With these larger issues in mind, I would like to offer four fundamental principles that I hope you would consider during your deliberations.  I believe that the following bedrock guidelines should be part of the core criteria by which any proposal is judged:

Four fundamental principles to guide WTO response

  1. If and to the extent that the ETI regime is repealed, any scored positive revenues such action generates should be reserved for measures to improve the competitiveness of U.S. corporations operating in the world marketplace;
  2. In designing international tax reform measures, the Committee should balance the needs of various affected industries;
  3. The Committee should seize every opportunity presented during this process to fashion simplified international tax rules that U.S. businesses can understand and the government can administer; and
  4. If the ETI regime is repealed or substantially changed, there should be an adequate transition period to avoid disruption of current plans and business activities.

A successful U.S. response to the WTO’s ruling against the ETI has the potential to address two key priorities for our country.  First, we must make the United States more competitive internationally, and, second, we must address the underlying problems with the U.S. international tax rules that are resulting in fewer and fewer global business headquarters being located in our country.

As Chairman Thomas noted to the full Committee at the February 27th hearing, the task before you is not an easy one.  It will require the collective effort of all Members from both parties to build a consensus on an approach that will meet U.S. international commitments while maintaining the competitiveness of American businesses and workers in the global marketplace.  I am confident that the Members of the House Committee on Ways and Means, with the active leadership of the Bush Administration and the collaboration of Senate colleagues, will rise to the occasion once again.

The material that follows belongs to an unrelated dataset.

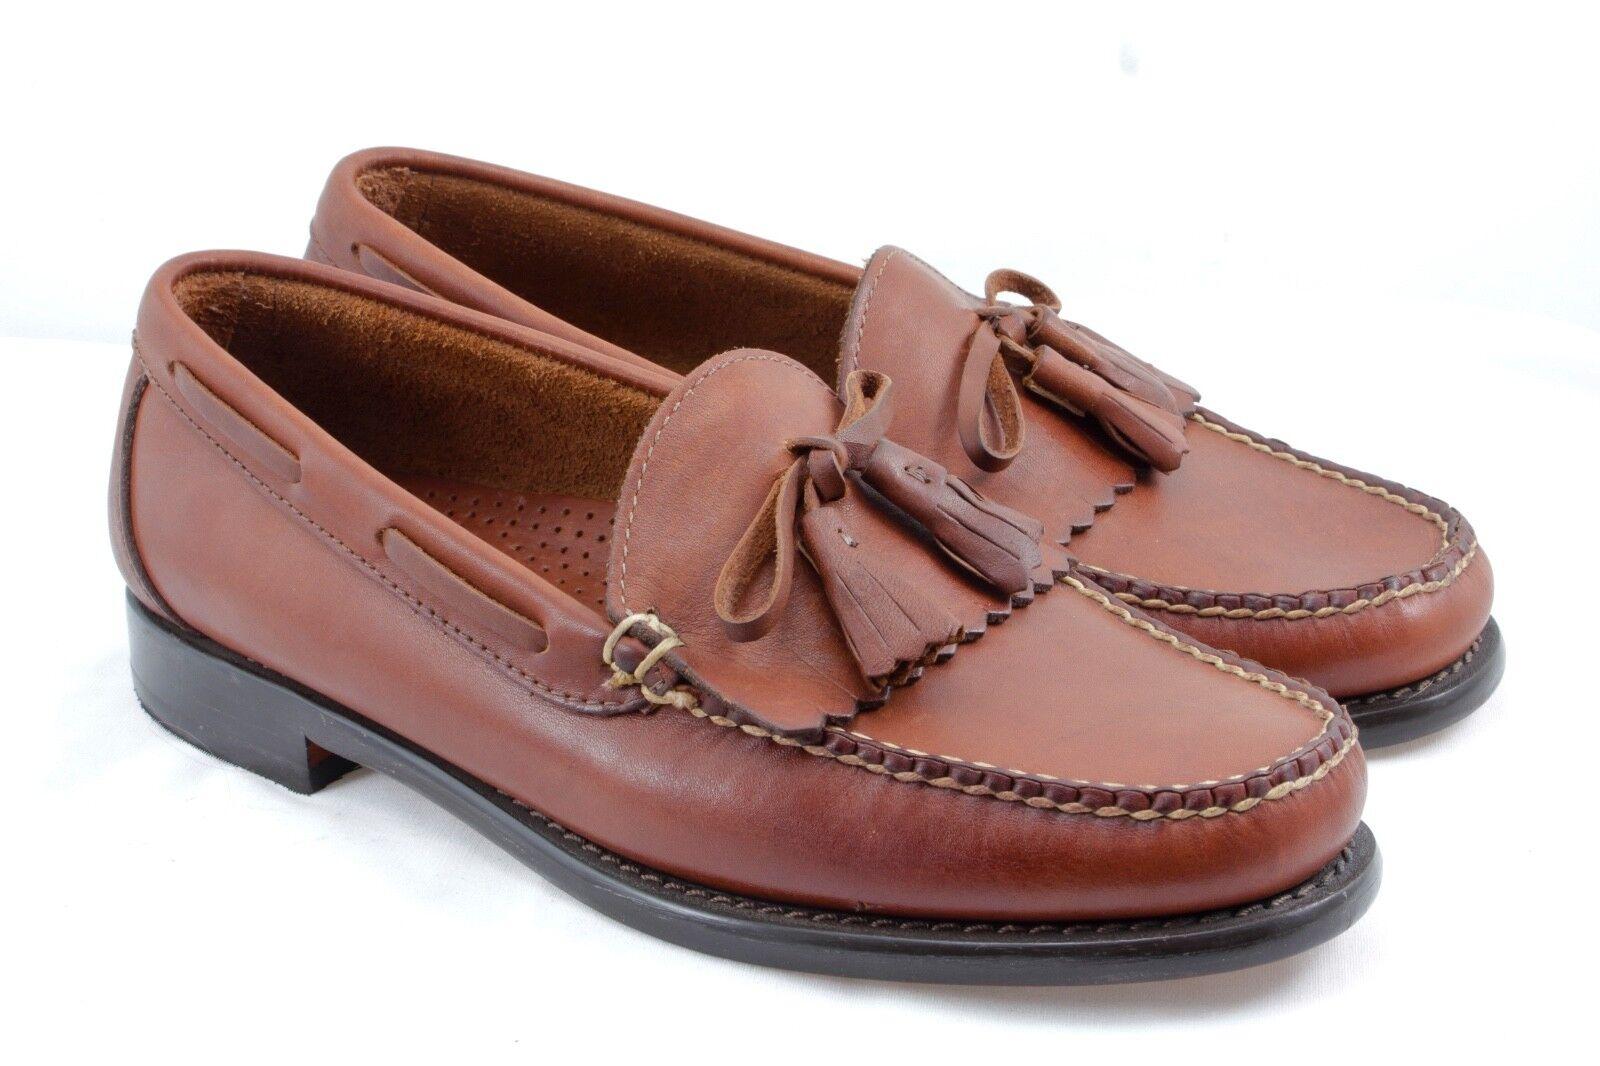 L.L. BEAN Handsewn Brown Pelle Kiltie Tassel Moccasin Loafer 7 D
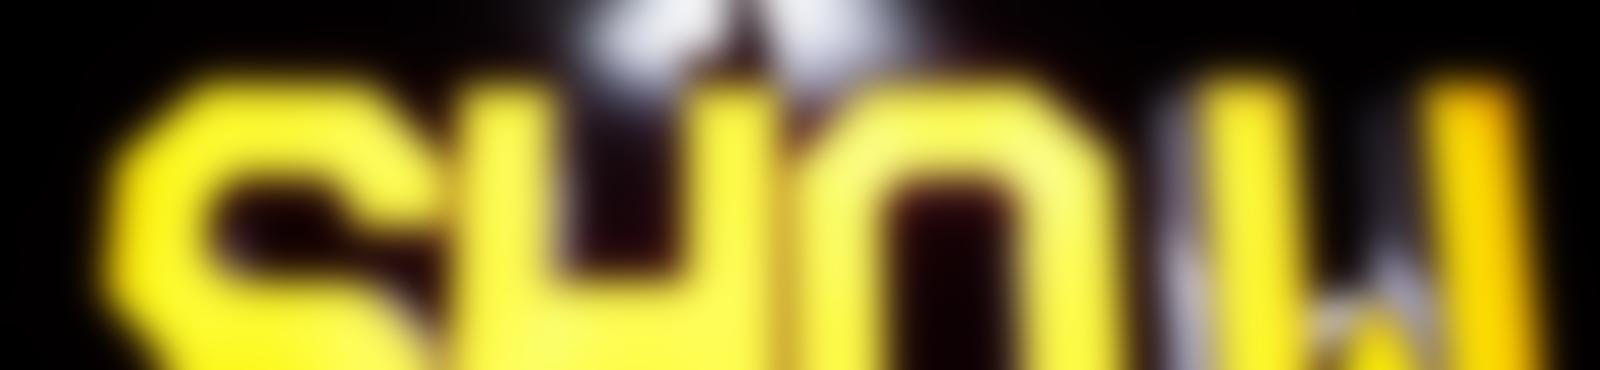 Blurred 16b1a883 889c 4cc1 850e 04ff2ad44eac

Finally, I would note Ambassador Zoellick’s efforts to have the European Union defer any retaliatory action while the United States works to comply with our WTO commitments.  There remains the likelihood that some action may be required this year. Because of the huge potential magnitude of this issue, it would be highly desirable for the Congress to work with the White House to put in place a joint bipartisan task force to make formal recommendations to the Congress on a solution.  That task force should include: (1) the Administration; (2) select Members of Congress from both parties; and (3) representatives of both business and organized labor.

For my part, I would like to offer my assistance, and the assistance of PricewaterhouseCoopers, as the committee considers any replacement of the ETI regime.

Thank you again for the opportunity to testify today.  I will be happy to answer any questions you may have.